The SVD of a sparse matrix does not necessarily result in zero left singular vectors.

@zoziha, after making some improvements, I achieved better performance with SVD. Here are the results for A(10000,1000):

linv (without SVD): Elapsed CPU time: 11.50686
pinv (SVD)        : Elapsed CPU time: 7.912435

for A(100000,1000):

linv (without SVD):  Elapsed CPU time:    162.8467    
pinv (SVD)        :  Elapsed CPU time:    60.14035

The updated version is available on GitHub.

1 Like

I’m not sure what that exactly means. Did you allocate a work(:) array of length huge(lwork)?

The optimal value of lwork is returned by DGELS() in the first element of the work array when you input lwork=-1 . One typically does something like

real(wp) :: work1(1)
real(wp), allocatable :: work(:)
call dgels(...work1,-1....)  ! memory allocation query.
lwork = nint(work1(1))
allocate( work(lwork) )
call dgels(,lwork...)  ! actual solution.

This is kind of clunky, but it is flexible. It allows, for example, a single workspace allocation to be reused for several solutions, so it minimizes the allocation/deallocation overhead.

[edit] I just noticed that you were talking about DGESVD() rather than DGELS(), but the same memory allocation approach works in either case.

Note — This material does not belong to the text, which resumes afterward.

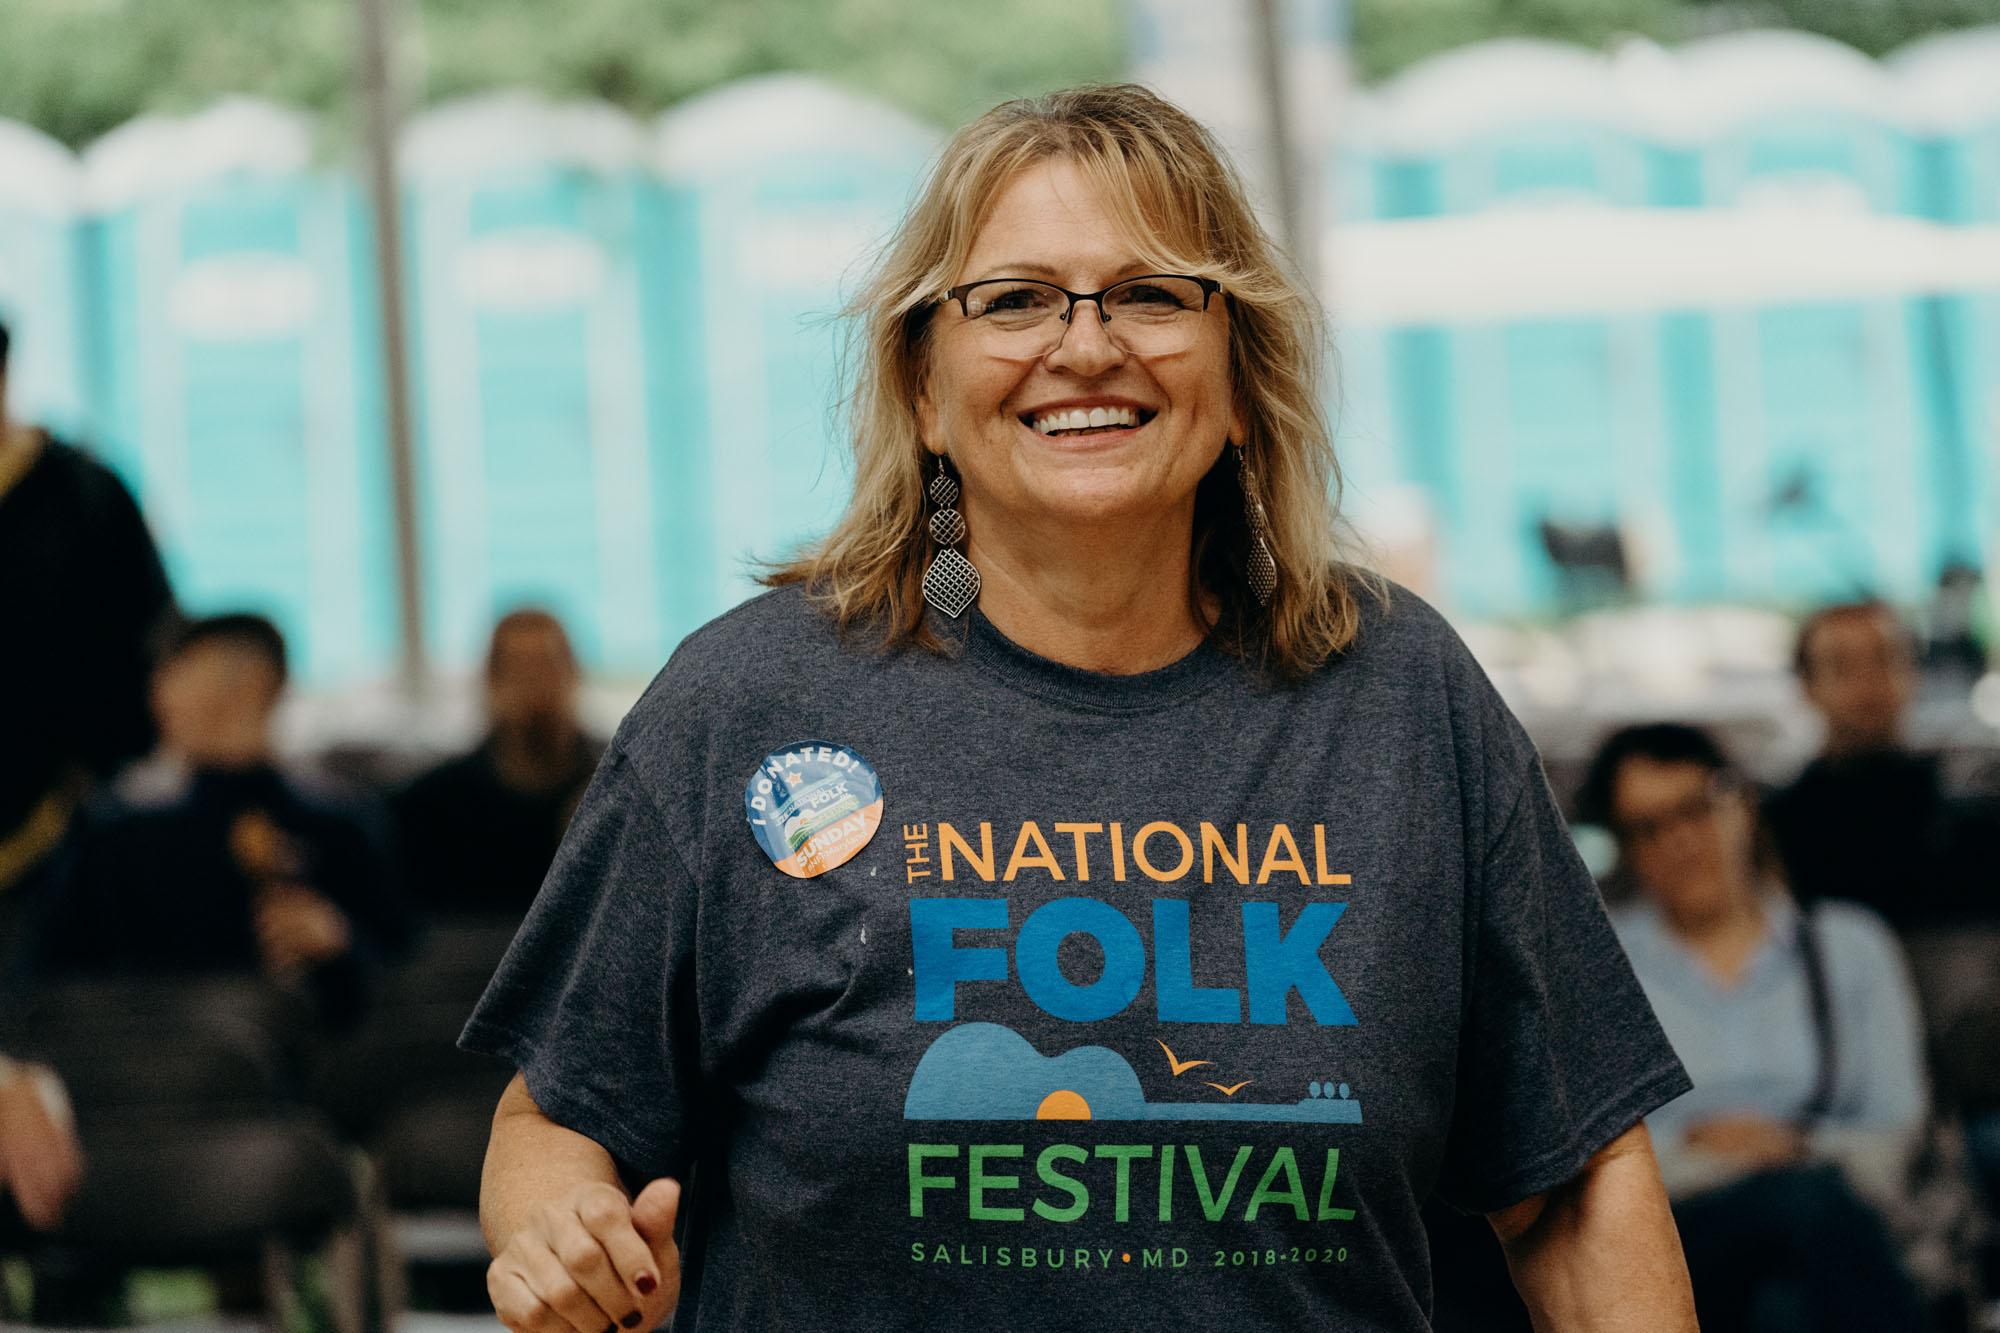 National Folk Festival 2018 Smiling Volunteer - Chris Mcintosh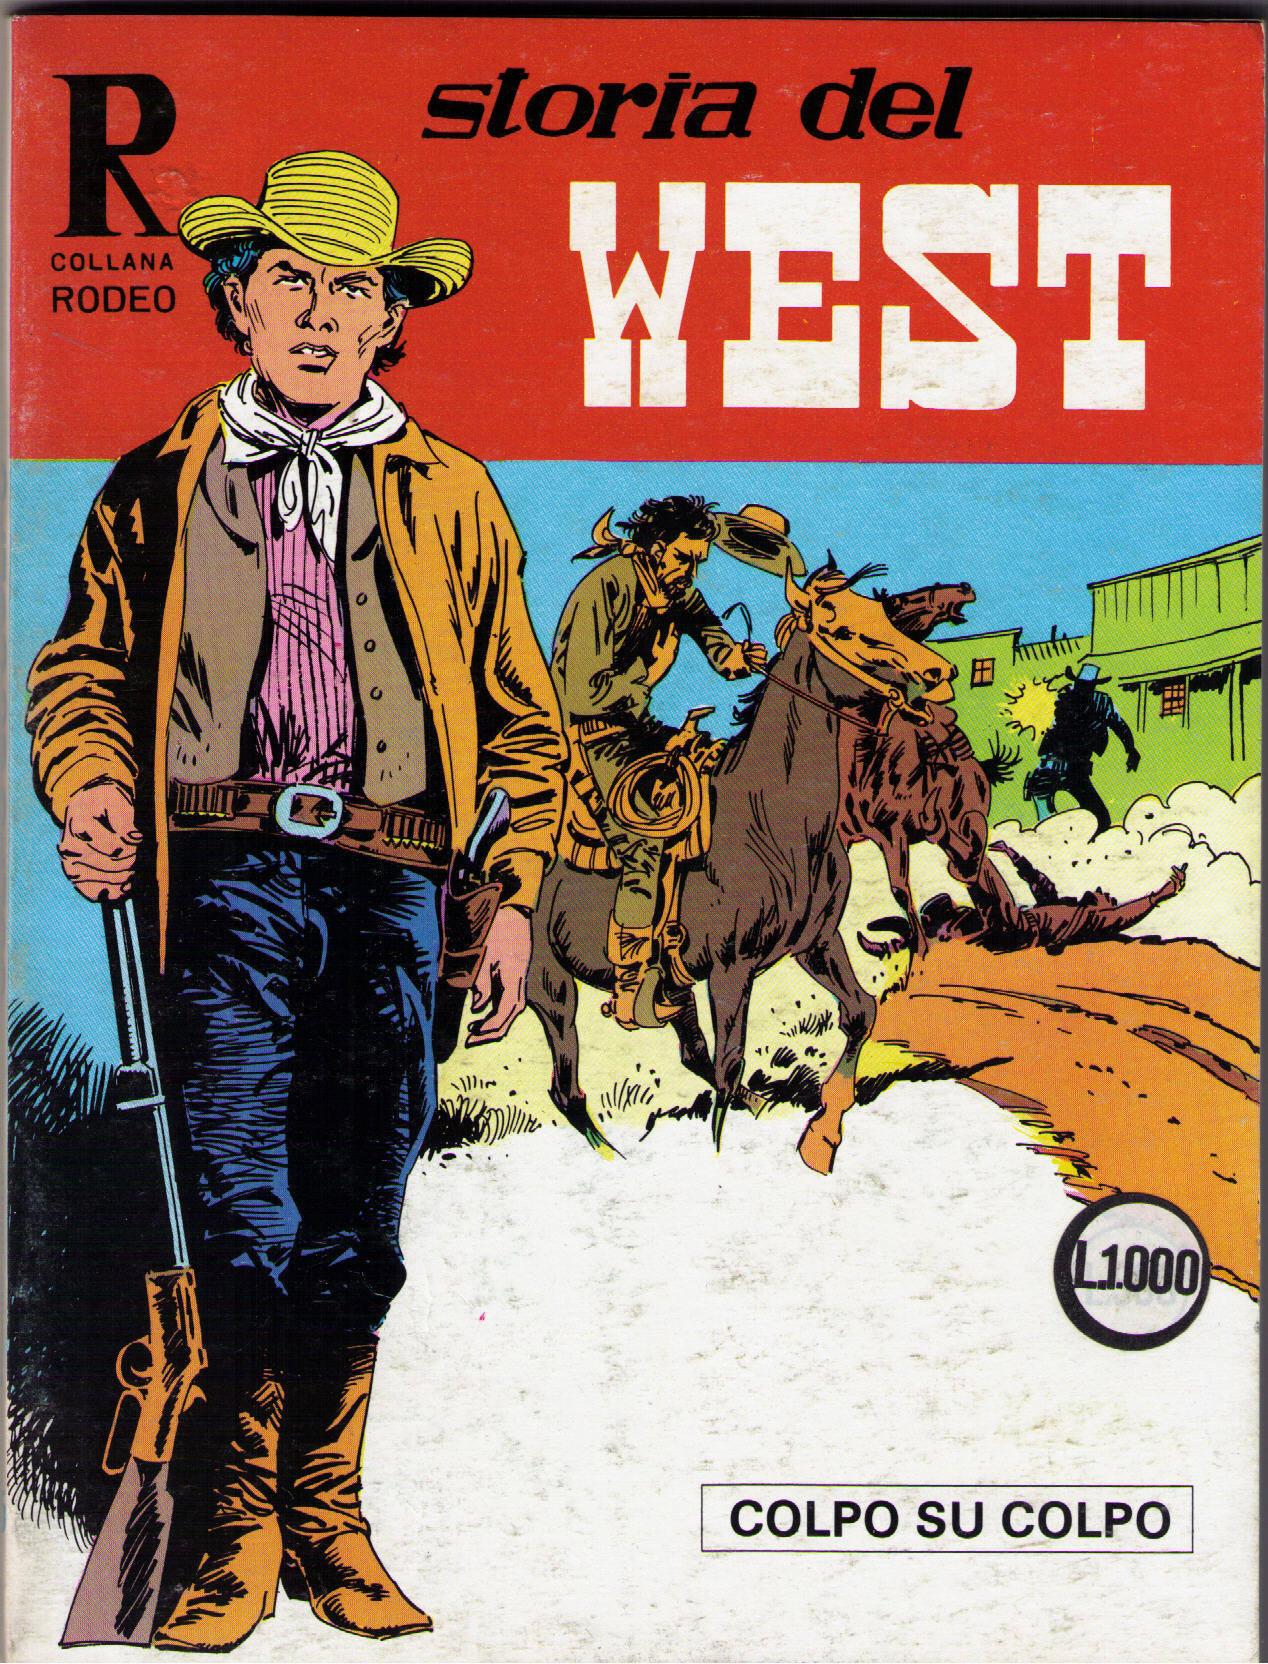 Storia del West n.67 (Collana Rodeo n. 155)

In any case, I would suggest using the LAPACK routines to get a feeling for how the problems scale and what kinds of accuracies to expect with various singular value thresholds, and then explore the various sparse matrix options with that reference. So even if you end up not using the LAPACK code, those initial experiments are not wasted effort.

1 Like

@RonShepard, I didn’t know that setting lwork=-1 calculates only the optimal size of the work array. I have corrected it.